Colloidal gels, where nanoscale particles aggregate into an elastic yet fragile network, are at the heart of materials that combine specific optical, electrical, and mechanical properties. Tailoring the viscoelastic features of colloidal gels in real time thanks to an external stimulus currently appears as a major challenge in the design of "smart" soft materials. Here we introduce "rheoacoustic" gels, a class of materials that are sensitive to ultrasonic vibrations. By using a combination of rheological and structural characterization, we evidence and quantify a strong softening in three widely different colloidal gels submitted to ultrasonic vibrations (with submicron amplitude and frequency 20-500 kHz).
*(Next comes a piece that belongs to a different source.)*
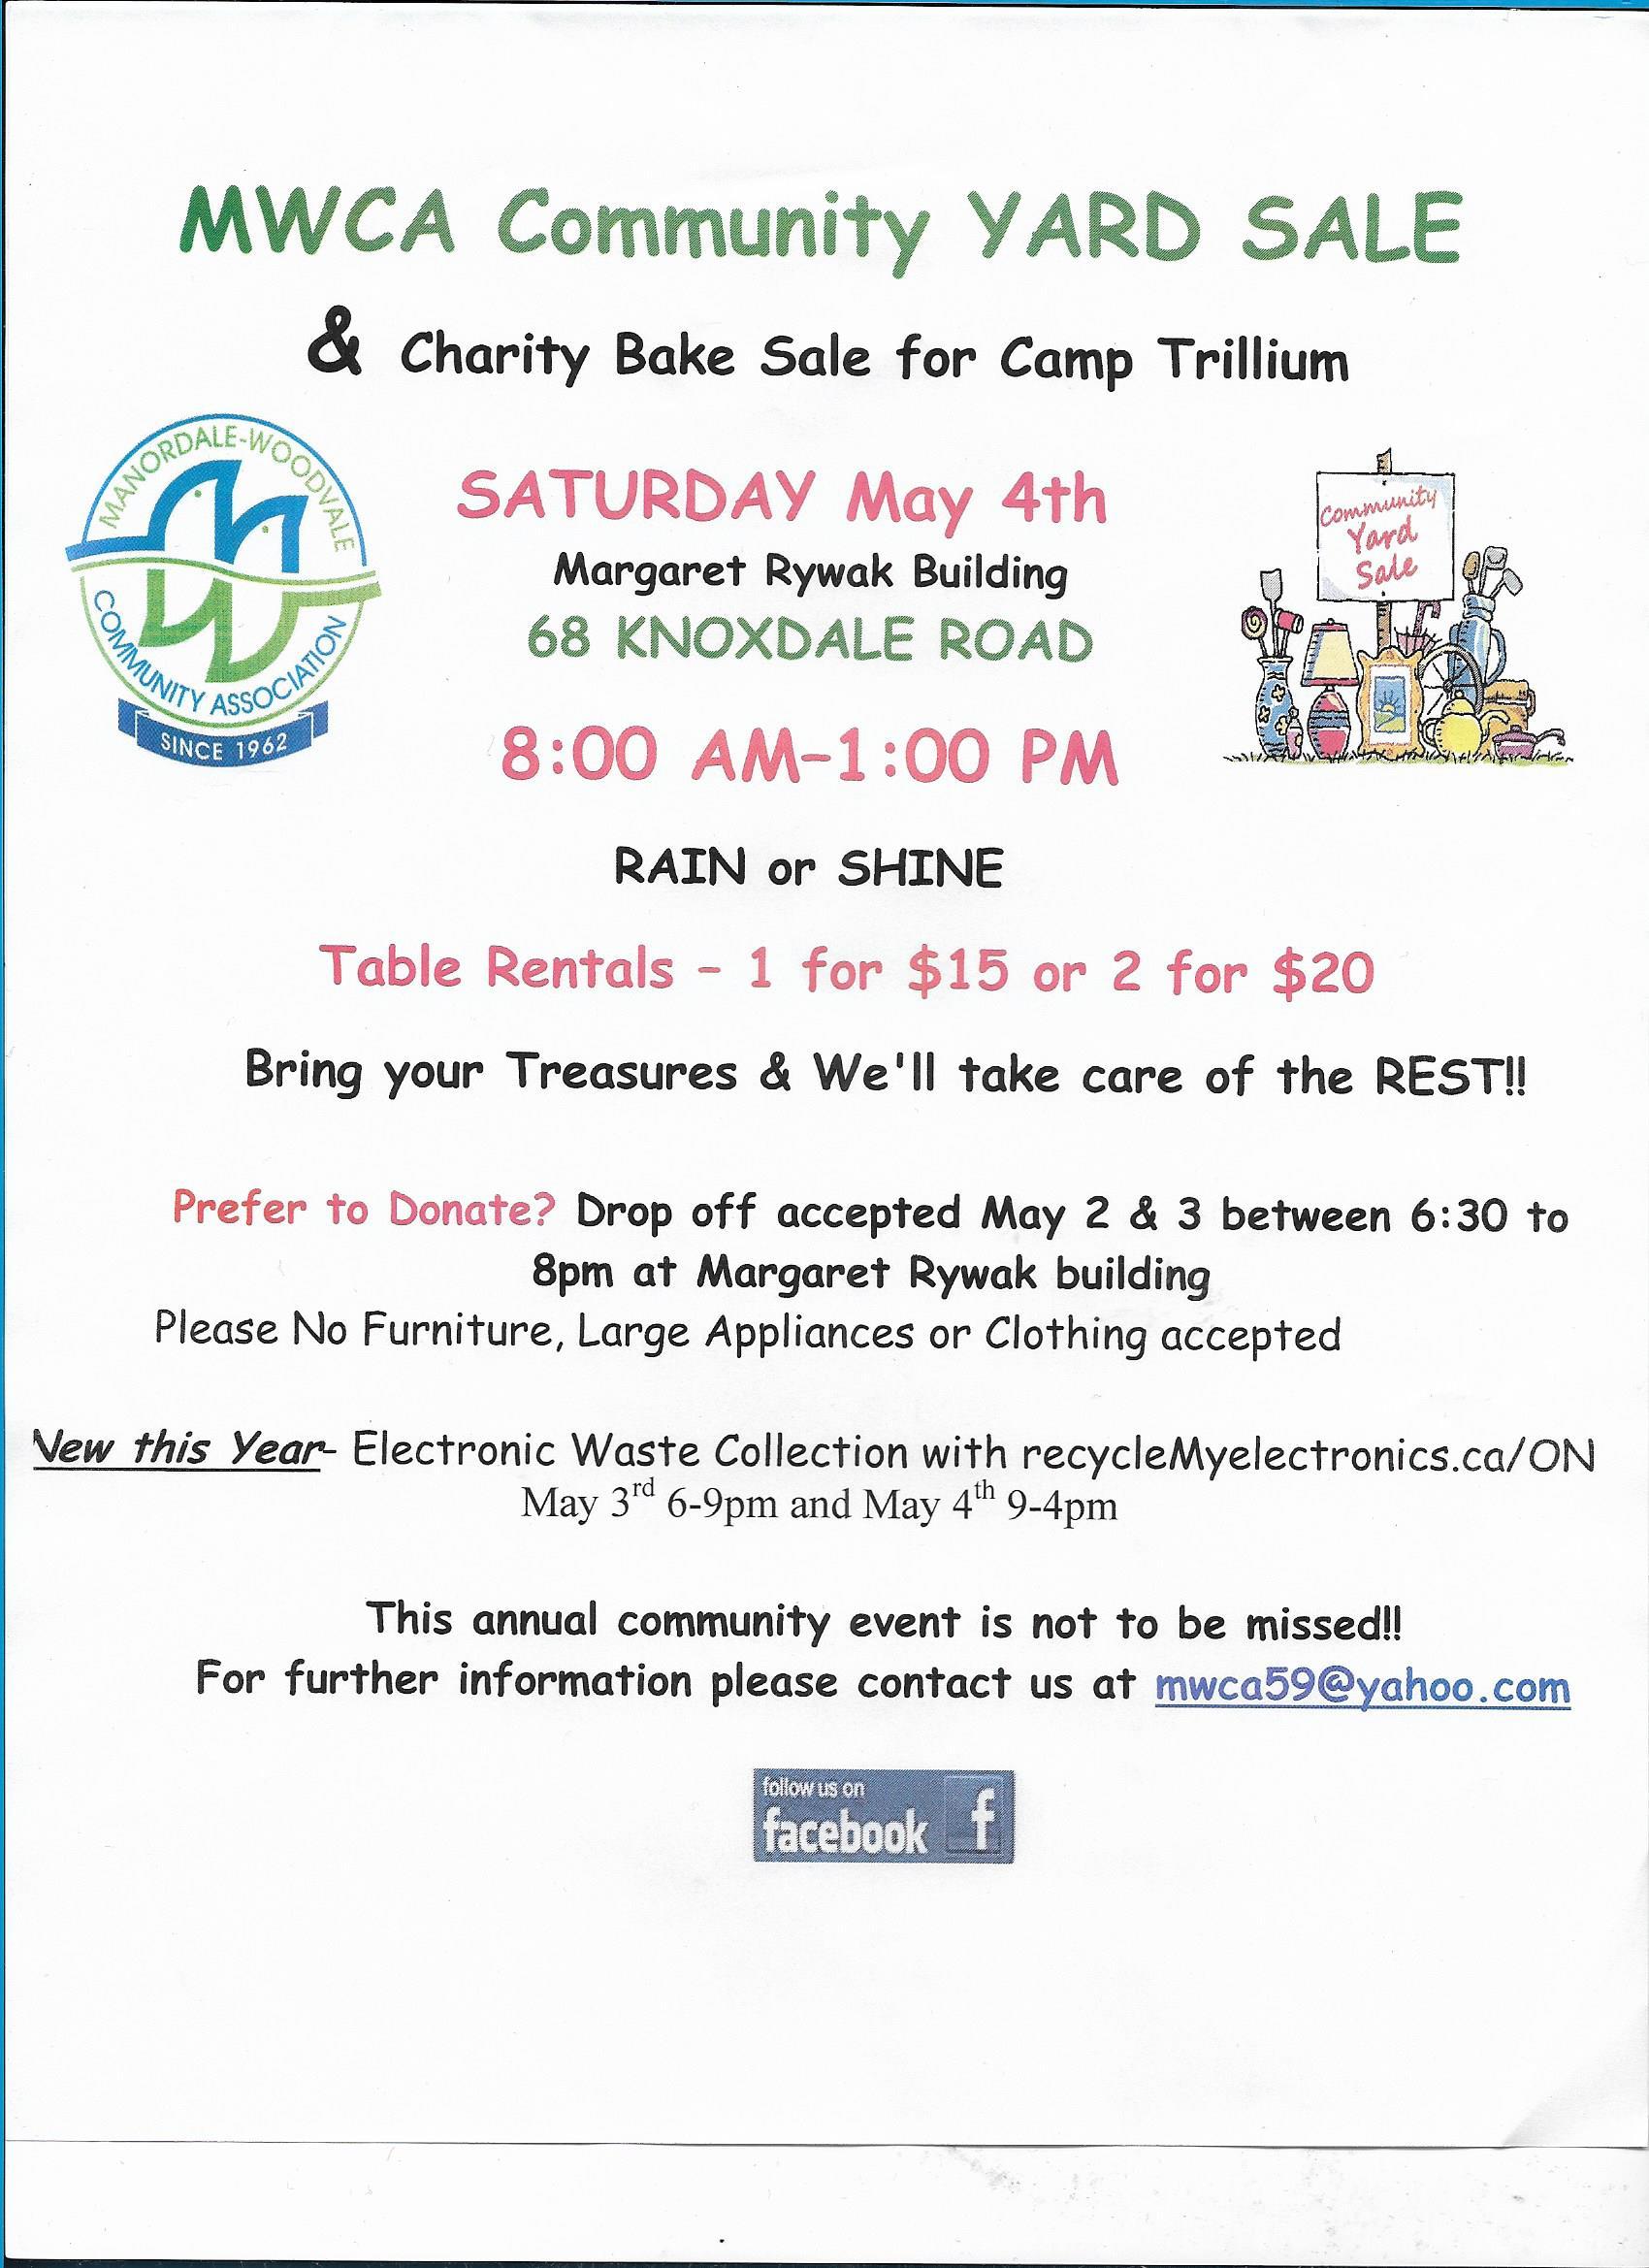 Garage Sale | Manordale-Woodvale Community Association (MWCA)

This softening is attributed to micron-sized cracks within the gel network that may or may not fully heal once vibrations are turned off depending on the acoustic intensity. Ultrasonic vibrations are further shown to dramatically decrease the gel yield stress and accelerate shear-induced fluidization. Ultrasound-assisted fluidization dynamics appear to be governed by an effective temperature that depends on the acoustic intensity. Our work opens the way to a full control of elastic and flow properties by ultrasonic vibrations as well as to future theoretical and numerical modeling of such rheoacoustic gels.